4. There was no appearance on behalf of the assessed when the matter was called. We have heard learned counsel for the Revenue. It was submitted by learned counsel for the Revenue that the Tribunal has recorded a factual finding to the effect that the amount was paid as interest on delayed payment of unearned increase and did not form part of the unearned increase and, therefore, was not encompassed by the provisions of Section 48(i) of the Act.
5. Section 48(i) of the Act at the relevant point of time read as follows :
"48. Mode of computation and deductions. -- The income chargeable under the head 'Capital gains' shall be computed by deducting from the full value of the consideration received or accruing as a result of the transfer of the capital asset the following amounts, namely :
(i) expenditure incurred wholly and exclusively in connection with such transfer . . ."

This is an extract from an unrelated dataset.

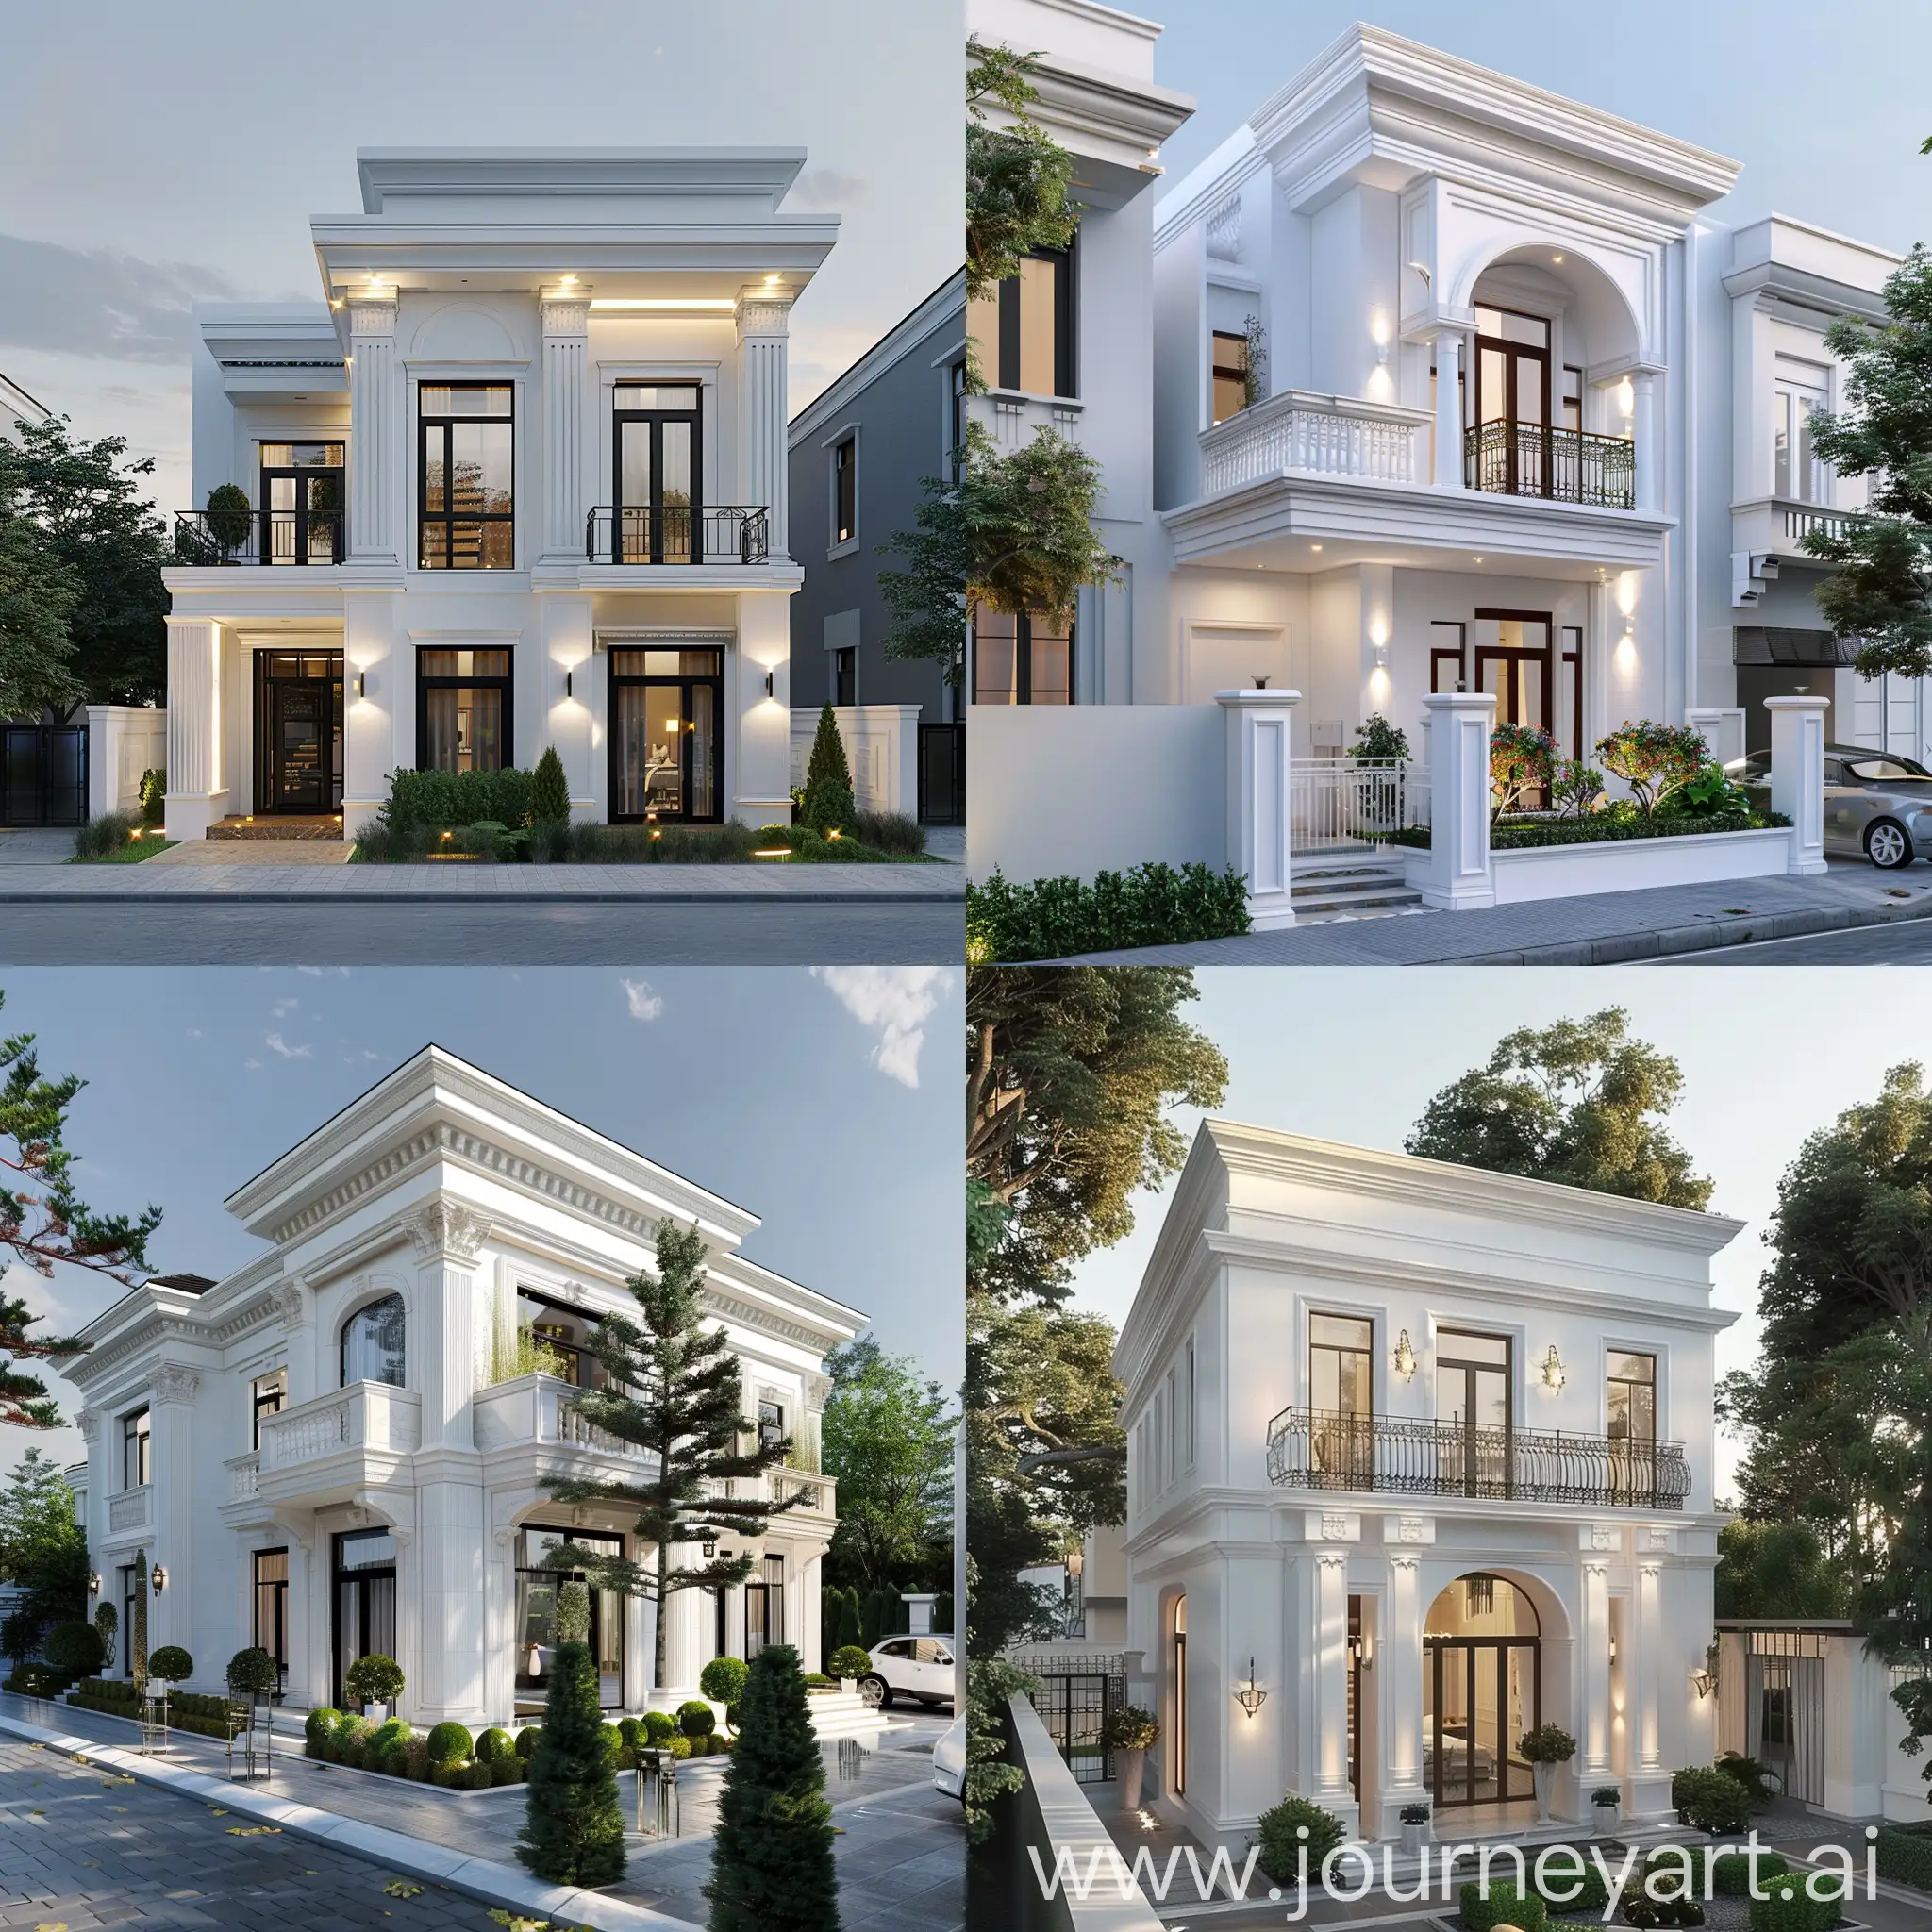 Generate designs of an ultra realistic two-story house, white and modern, not very large in size in city, in neoclassical architecture.

6. A bare reading of the provision makes it clear that what can be deducted under Section 48(i) is expenses incurred wholly and exclusively in connection with the transfer. The amount which the assessce claimed to be covered was not really a part of the unearned increase. On the contrary it was the amount paid for making the payment demanded by the LDO belatedly. The interest, as was noted by the Tribunal, had to be paid by the assessed as she made the payment of unearned increase belatedly. The crucial words in the provisions are "in connection with such transfer". The expression means intrinsically linked with the transfer. Such expenditure has to be wholly and exclusively in connection with the transfer. Even if such expenditure has some nexus with the transfer it does not qualify for deduction unless it is wholly and exclusively in connection with the transfer. The Tribunal was, therefore, right in its conclusion that the payment of interest was in the shape of damages for late payment of unearned increase. That being so, the interest paid cannot be treated as expenditure incurred wholly and exclusively in connection with the transfer. The answer to the question is in the negative, in favor of the Revenue and against the assessed.
7. The reference stands disposed of.